Step by step to learn from me Lucene (6)---lucene index optimization multi-thread creation index

Source: Internet
Author: User

These two days work a bit busy, blog update not timely, please everyone forgive me;

Before we learned that Lucene was created in the index, a IndexWriter acquires a read-write lock, which is inefficient when Lucene creates an index of the large data volume.

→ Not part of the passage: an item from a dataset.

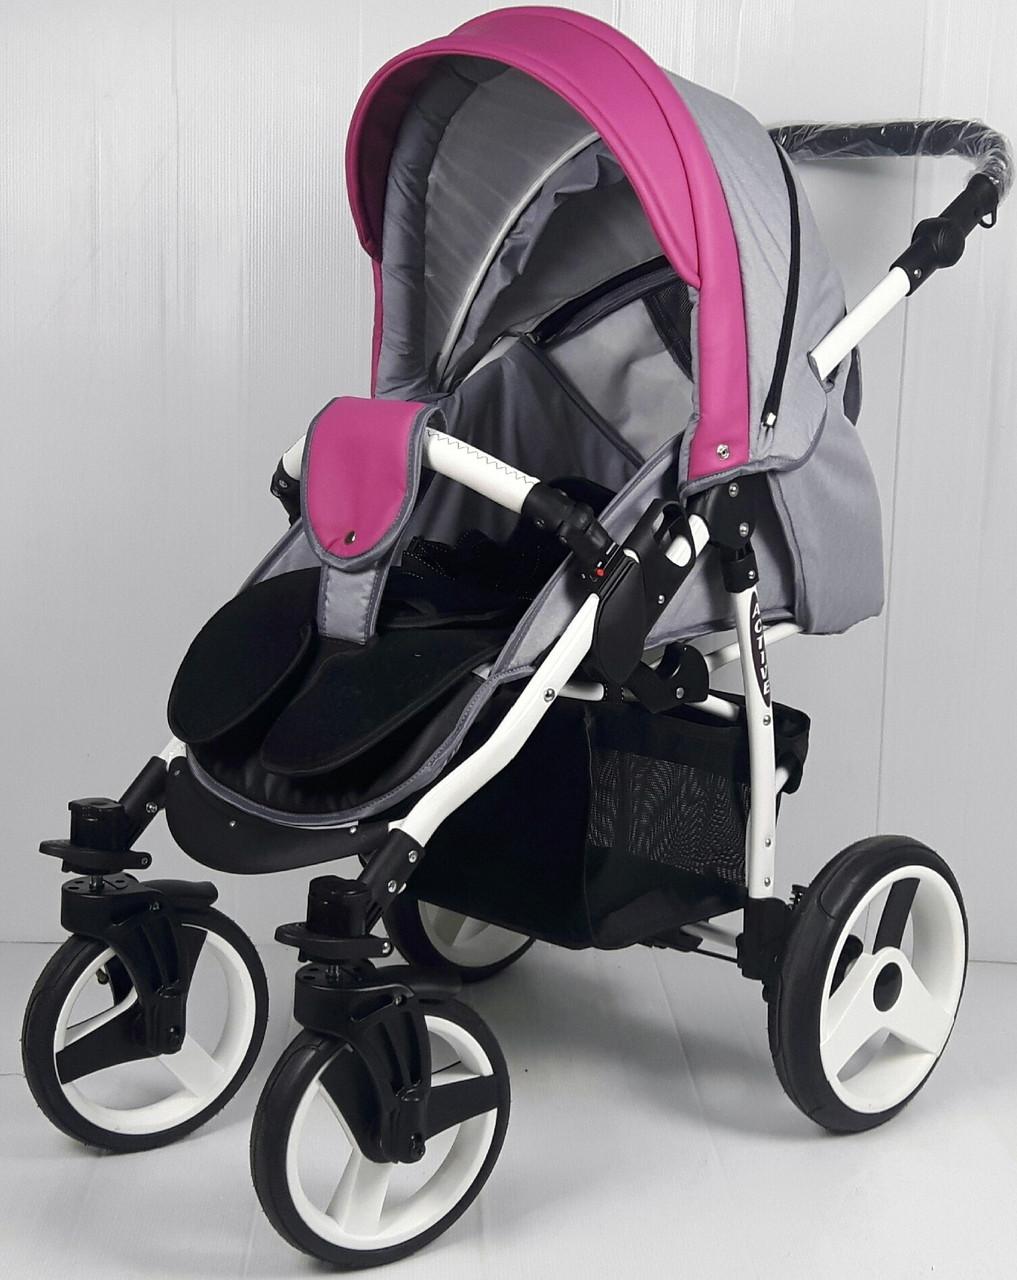 Детская коляска NESTOR ACTIVE RAINBOW HIT прогулочная - Интернет-магазин  детских товаров и мебели SIGNAL 595224b0ea2

View previous documents step by step with me Lucene (5)---The index construction principle of lucene can be seen, the establishment of Lucene index, with the following points is very large;

    1. Disk space size, which directly affect the establishment of the index, or even cause the index write prompt completion, but there is no synchronization problem;
    2. The selection of the index merge policy, which is similar to the bulk operation in SQL, the number of bulk operations has a direct impact on the efficiency of execution, for Lucene, the index before merging the document in memory, so the selection of the appropriate merge strategy can also improve the efficiency of the index;
    3. A unique index corresponds to the choice of term, Lucene index is created by removing the document containing the same term from the index and then re-adding the document to the index, where the term corresponding document too much, will occupy disk IO, At the same time, the IndexWriter's write-lock takes longer and the corresponding execution efficiency is low.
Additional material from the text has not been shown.